Tribunal judiciaire de Paris, le 31 octobre 2025, n°2025R01133

Le tribunal judiciaire de Paris, statuant en référé le 31 octobre 2025, se prononce sur une demande de mesures conservatoires. L’administrateur judiciaire et le mandataire judiciaire sollicitent la suspension de résolutions d’assemblée. Ces résolutions ont modifié les statuts et révoqué la présidente d’une SAS en procédure de sauvegarde. Le défendeur invoque l’urgence et la régularité de sa démarche. Le juge examine l’existence d’un trouble manifestement illicite au sens de l’article 873 du code de procédure civile. Il ordonne la suspension provisoire des résolutions litigieuses et condamne le défendeur aux frais.

La hiérarchie normative au sein de la gouvernance sociale

Le juge des référés rappelle la primauté des statuts dans l’organisation interne. Il écarte l’argument d’une contradiction entre les clauses statutaires. Les articles 16.1, 16.2 et 18.3.c définissent un système de gouvernance à deux niveaux. Ce système est comparable à celui d’une société anonyme avec un conseil de surveillance. Le comité de surveillance approuve la nomination et la révocation du président. L’assemblée des associés prend formellement ces décisions ensuite. L’ordonnance précise que « ces stipulations statutaires ne sont ni contradictoires entre elles, ni contraires à celles du pacte ». (Sur le trouble manifestement illicite invoqué par AJRS et BTSG, ès-qualités) Cette lecture coordonnée assure la sécurité juridique des mécanismes de direction. Elle empêche tout contournement unilatéral des procédures établies.

Le pacte d’actionnaires vient renforcer ce cadre statutaire sans le supplanter. Le juge relève la parfaite cohérence entre les deux documents. Le pacte stipule que « les Parties s’engagent à ne pas modifier les Statuts (i) en ce qui concerne la gouvernance ». (Sur le trouble manifestement illicite invoqué par AJRS et BTSG, ès-qualités) Il interdit également de voter « dans un sens contraire aux décisions du comité de surveillance ». (Sur le trouble manifestement illicite invoqué par AJRS et BTSG, ès-qualités) Cette analyse rejoint la jurisprudence récente sur le sujet. La Cour de cassation rappelle que « les statuts de la société par actions simplifiée fixent les conditions dans lesquelles celle-ci est dirigée ». (Cass. Chambre commerciale financière et économique, le 9 juillet 2025, n°24-10.428) Le pacte complète mais ne peut déroger aux statuts, confirmant leur autorité supérieure.

La sanction du non-respect des procédures statutaires

Le manquement aux règles de gouvernance constitue un trouble manifestement illicite. Le juge constate l’absence de réunion préalable du comité de surveillance. L’assemblée du 17 octobre 2025 a donc statué sans l’approbation requise. Elle a modifié l’article 16.1 concernant la nomination du président. Elle a également révoqué la présidente en fonction, Mme [W]. Cependant, l’article 16.2 relatif à la révocation n’a pas été modifié. La révocation reste donc de la compétence exclusive du comité de surveillance. L’ordonnance estime que « constitue un trouble manifestement illicite qu’il convient de faire cesser » l’adoption de ces résolutions. (Sur le trouble manifestement illicite invoqué par AJRS et BTSG, ès-qualités) Ce raisonnement protège l’équilibre institutionnel défini par les associés.
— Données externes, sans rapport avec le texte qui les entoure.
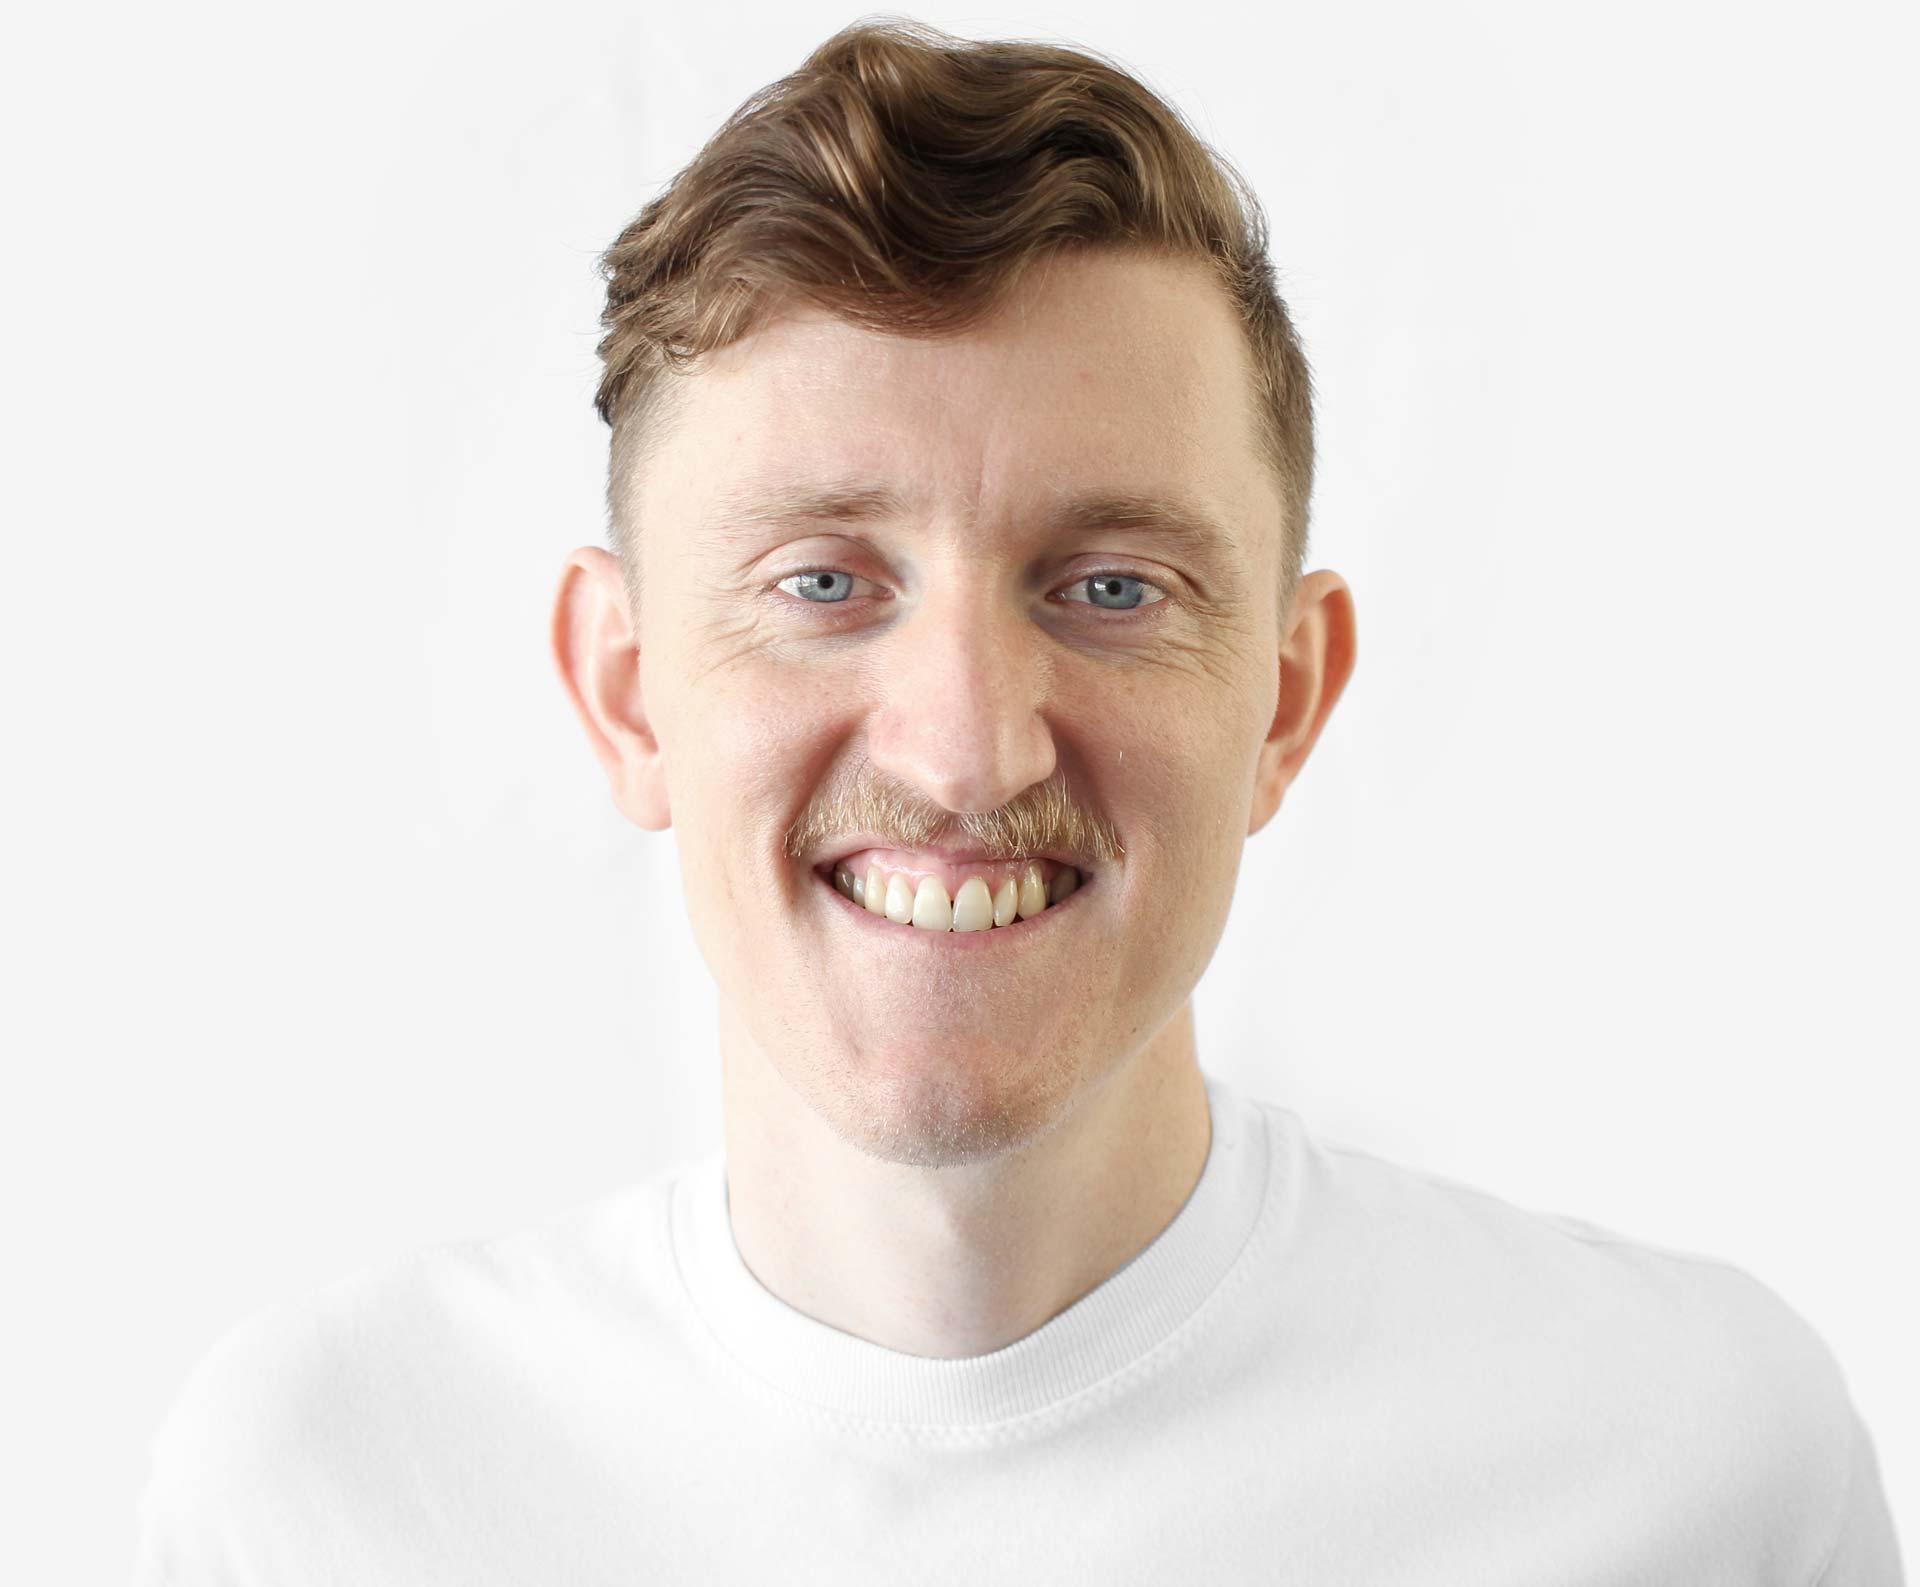 Cornelius Quiring Profile Photo – March 2021

La suspension des résolutions s’impose pour préserver l’intérêt de la société. Le juge référé souligne le contexte de procédure de sauvegarde. Un changement brutal de gouvernance risquerait de décourager les créanciers. Il pourrait aussi dissuader les repreneurs potentiels sollicités par appel d’offres. Le danger imminent est caractérisé par cette instabilité managériale. La mesure conservatoire ordonnée est donc proportionnée à l’objectif poursuivi. Elle suspend les effets des résolutions et leurs formalités de publicité. Cette solution garantit la continuité de l’entreprise pendant la période critique. Elle rejoint la logique d’une décision qui jugeait illicite une révocation contraire aux statuts. Une cour d’appel a ainsi rejeté une demande car la décision « contredisant l’article 23.2 de ses statuts ». (Cour d’appel de appel de Rennes, le 7 janvier 2025, n°23/03036)

Source : Cour de cassation – Base Open Data « Judilibre » & « Légifrance ».